Much of the attention of Noisey: Nashville is expended when Zach Goldbaum embeds with country rapper Mikel Knight’s street team, which Saving Country Music has covered extensively in the past. It may have been nice to see more dissenting viewpoints about some of the alleged behavior occurring within the street teams, simply because Mikel Knight is such an excellent Svengali, and shows this in the documentary. But this project isn’t a piece of investigative journalism. Viceland’s specialty and purpose is to embed within certain elements of culture to expose them to the rest of the world without making any severe judgements.

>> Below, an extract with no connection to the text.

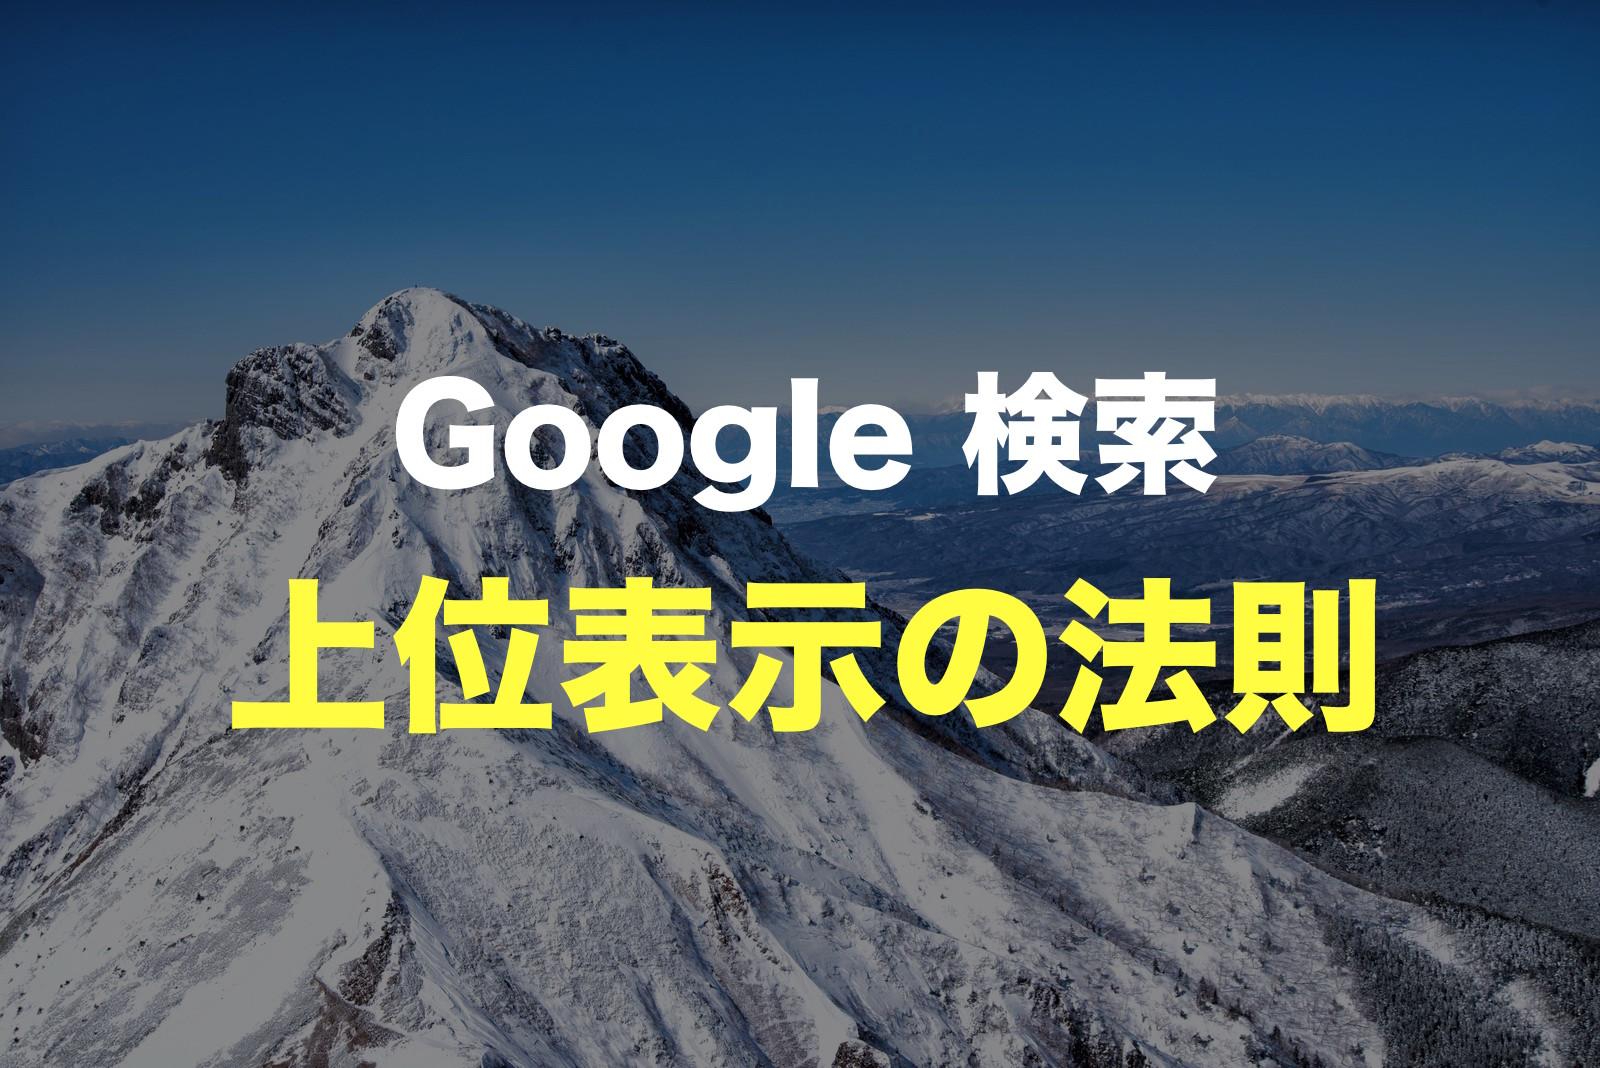 Google 検索で上位表示される唯一の法則。ブログやホームページの効果的なSEO対策

After watching other similar Viceland documentaries, I was a little worried just what perspective the project would take. Some of their efforts have felt a little bit like white gaze. And for those wondering why certain other individuals weren’t included in the documentary, I know for sure that they reached out to people like Sturgill Simpson, Yelawolf, and others in their efforts to get the full stroke of Nashville’s independent underbelly, and some were unable or unwilling to participate. But ultimately I was quite impressed with the effort of Zach Goldbaum and the producers to bring together a compelling, and well-produced look into what makes the people and culture of underground country rap churn, along with the other elements touched on in the documentary. Even if you can stand the mixing of country and rap, or perhaps especially if you can’t, Noisey: Nashville makes for an interesting watch.
Zach Goldbaum also does an excellent job at the end encapsulating what the spirit of Nashville symbolizes for many independent artists, no matter what their musical stripes.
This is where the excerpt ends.